Pengembangan kawasan Airport City di Kulonprogo berpotensi besar melihat kapasitas penumpang yang cukup besar yaitu 14 juta penumpang/tahun. Saat ini di sekitar kawasan Bandara YIA telah banyak dilakukan rencana pengembangan kawasan baik oleh PEMDA setempat maupun pihak swasta. Hal ini dapat dilihat dari adanya supply atas lahan-lahan yang sudah dikavling siap bangun untuk perumahan dan tingginya harga beli lahan di sekitar Bandara YIA. Oleh karena itu, Angkasa Pura Property berusaha mengejar waktu untuk menjadi yang pertama mengembangkan kawasan Airport City yang merupakan kawasan yang terintegrasi dengan kawasan Bandara YIA dengan mengusung konsep Cultural and Leisure.

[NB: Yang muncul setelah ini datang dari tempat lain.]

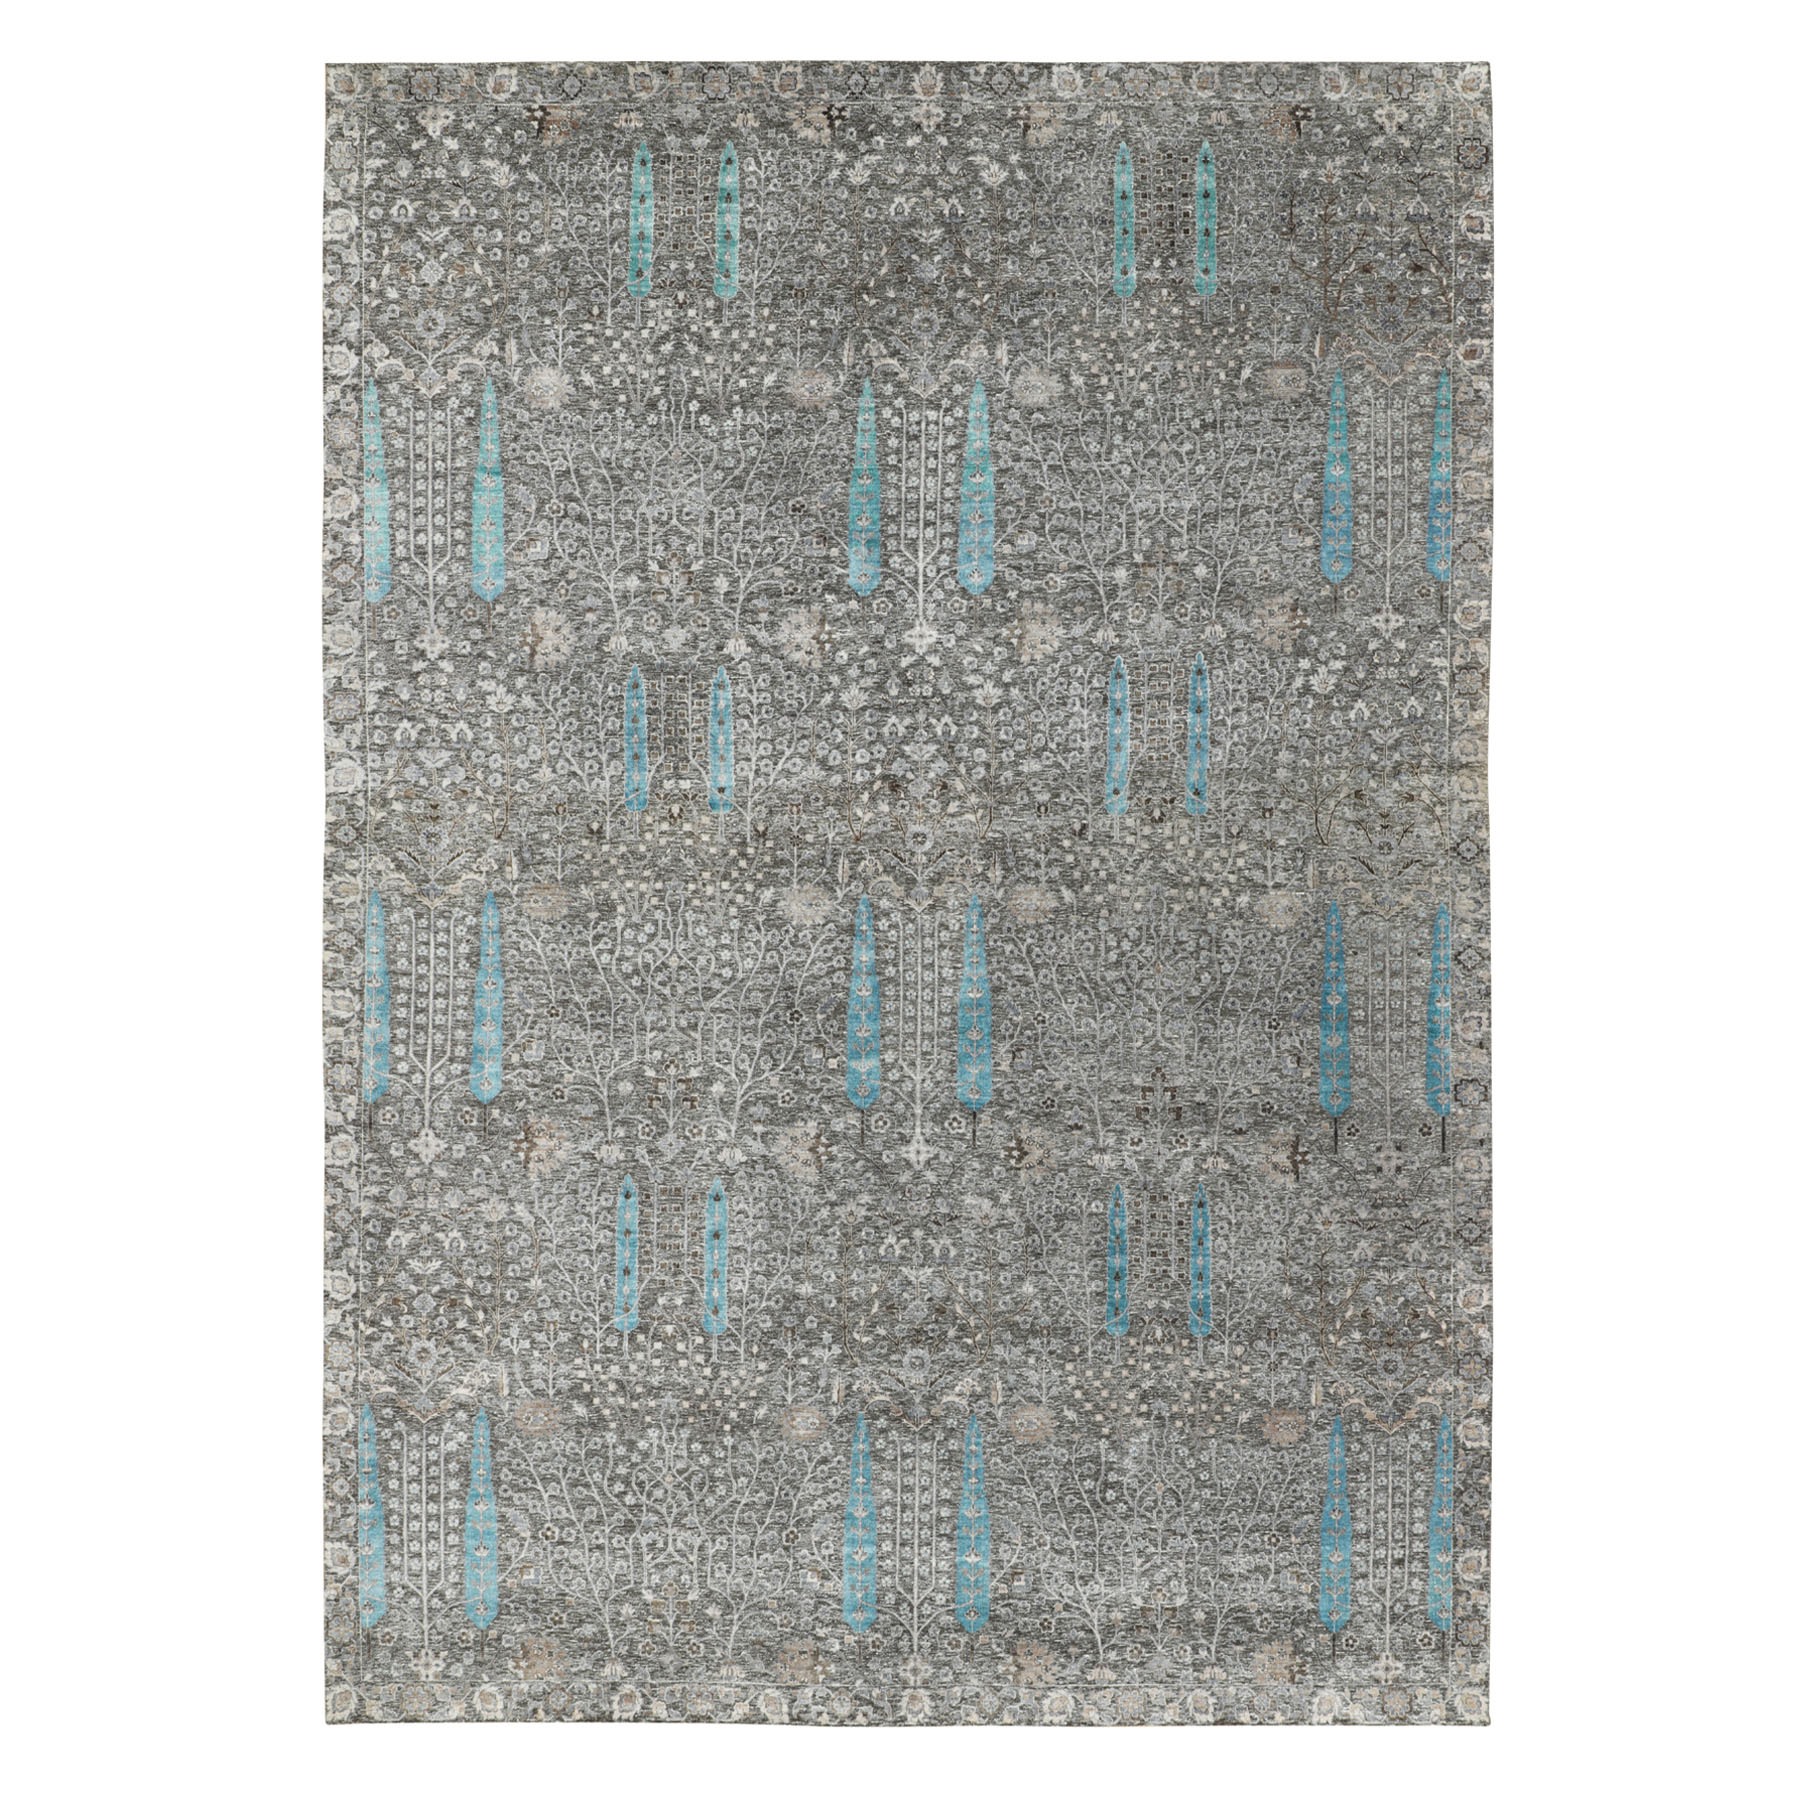 12'x17'9" Oversized Cypress Tree Design Silk with Textured Wool Hand Woven Oriental Rug 
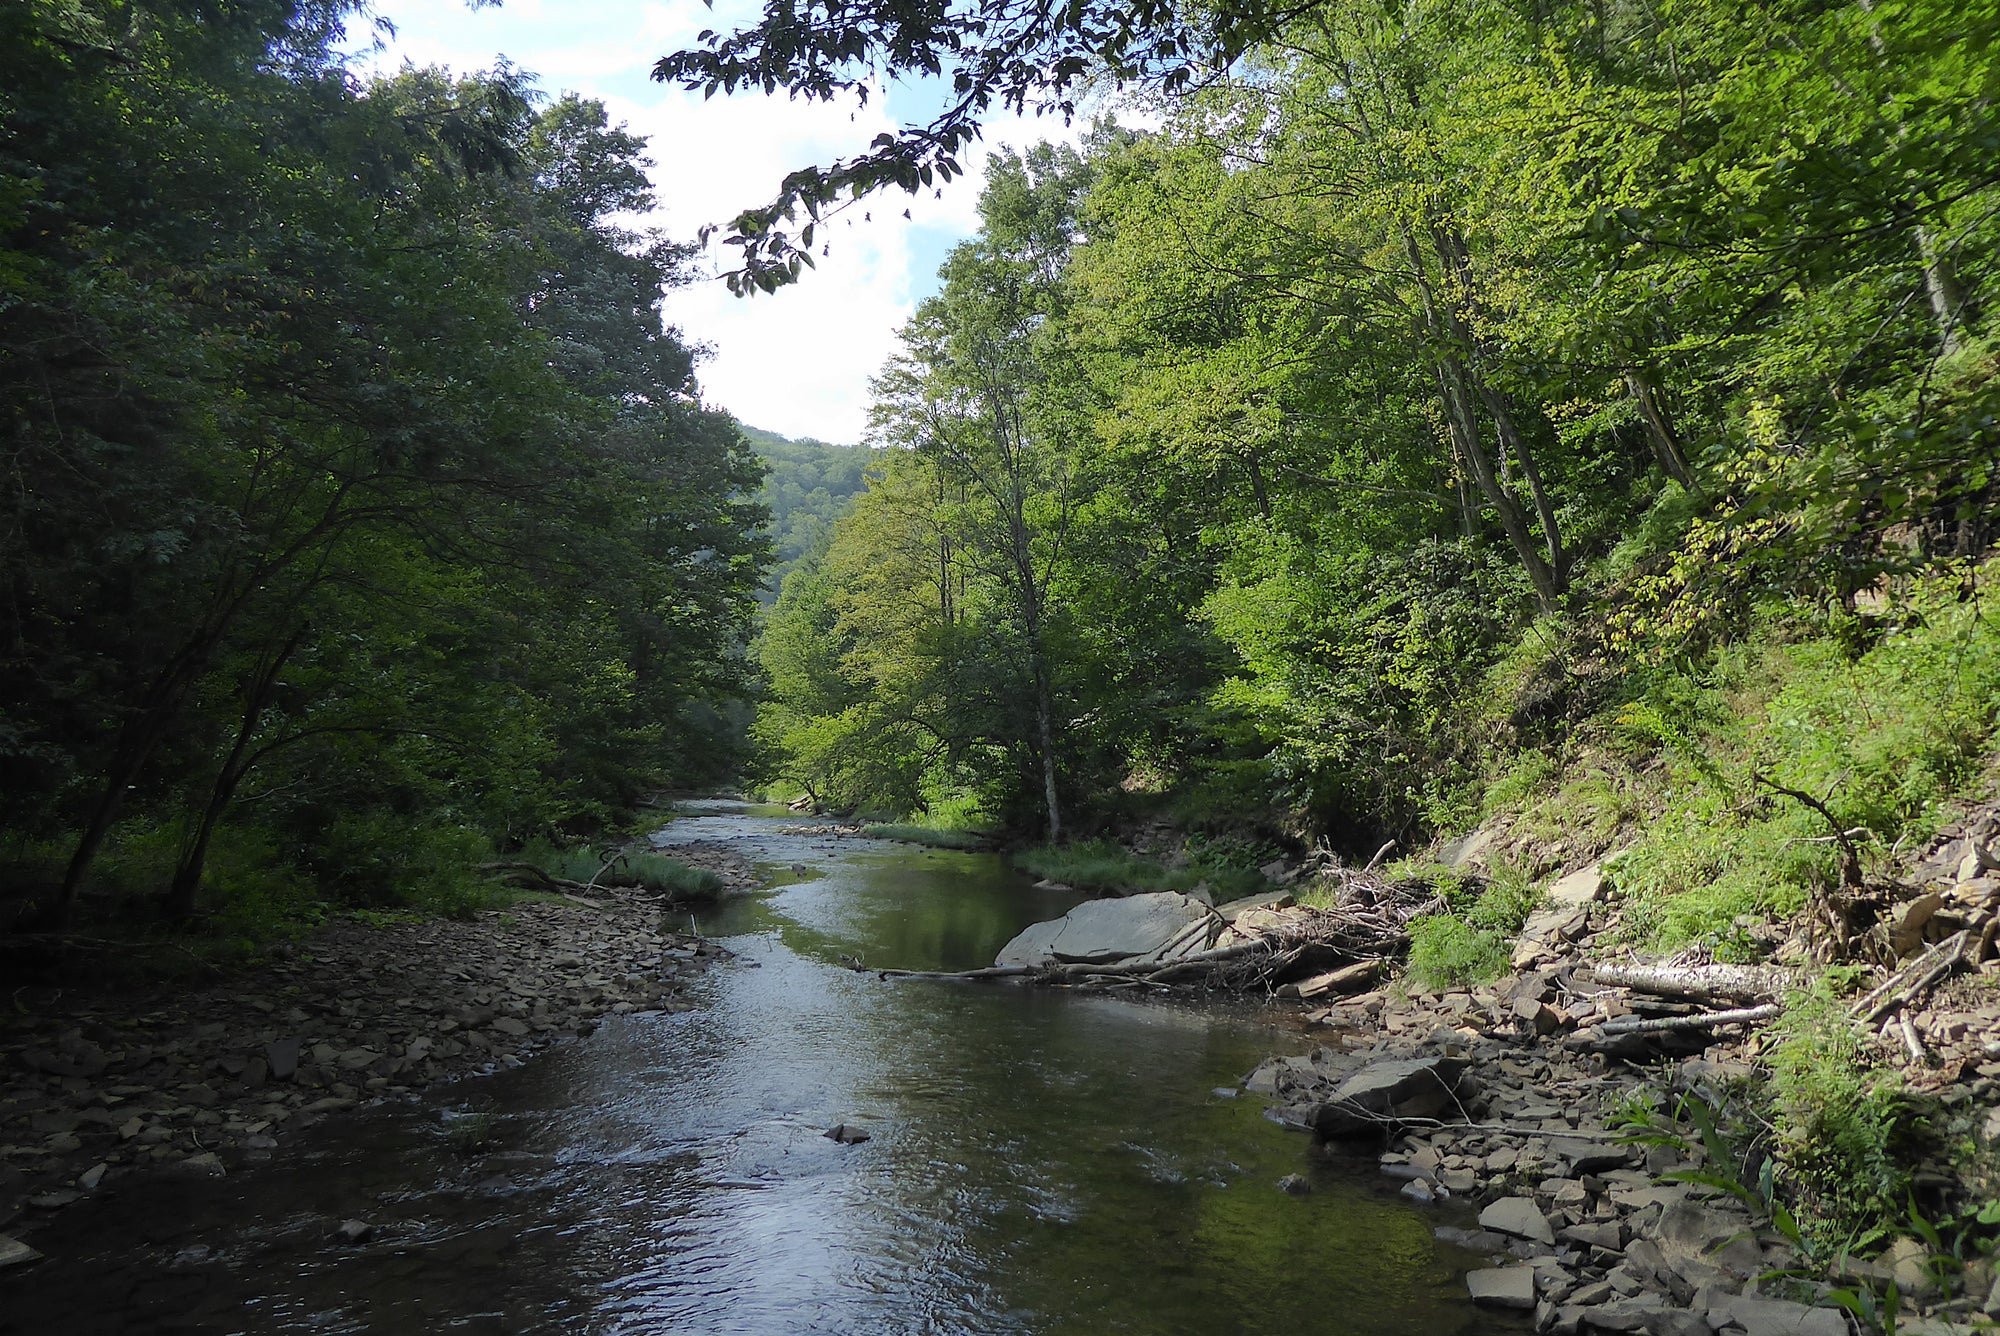 Laurel River Trail #306: Traversing Two Wilderness Areas In Monongahela National Forest, WV

Dengan lahan seluas 83 Ha, Angkasa Pura Property berencana untuk mengembangkan lahan tersebut ke dalam 5 cluster pengembangan yang ditujukan untuk dapat menarik pasar tidak hanya dari kota/kabupaten setempat namun juga dapat menjadi pusat kegiatan cultural and leisure dalam skala nasional maupun internasional. Hal inilah yang rencananya akan diimplementasikan oleh 5 cluster tersebut yang terdiri dari Mixed Used (Residensial & Komersial), Hotel & MICE, Retail & Outlet, Cargo Village, Theme Park, Cluster serta Rumah Sakit & Pusat Edukasi.

Dalam mengembangkan kawasan Airport City YIA ini APP akan mencari partner untuk berinvestasi. Tentu saja hal ini menjadi tantangan sendiri bagi perusahaan yang baru akan memulai untuk mengembangkan kawasan dengan skala yang cukup besar. Diharapkan pengembangan kawasan ini dapat melengkapi kebutuhan dari bandara sesuai dengan konsep besar Airporty City YIA yang bertemakan Cultural and Leisure.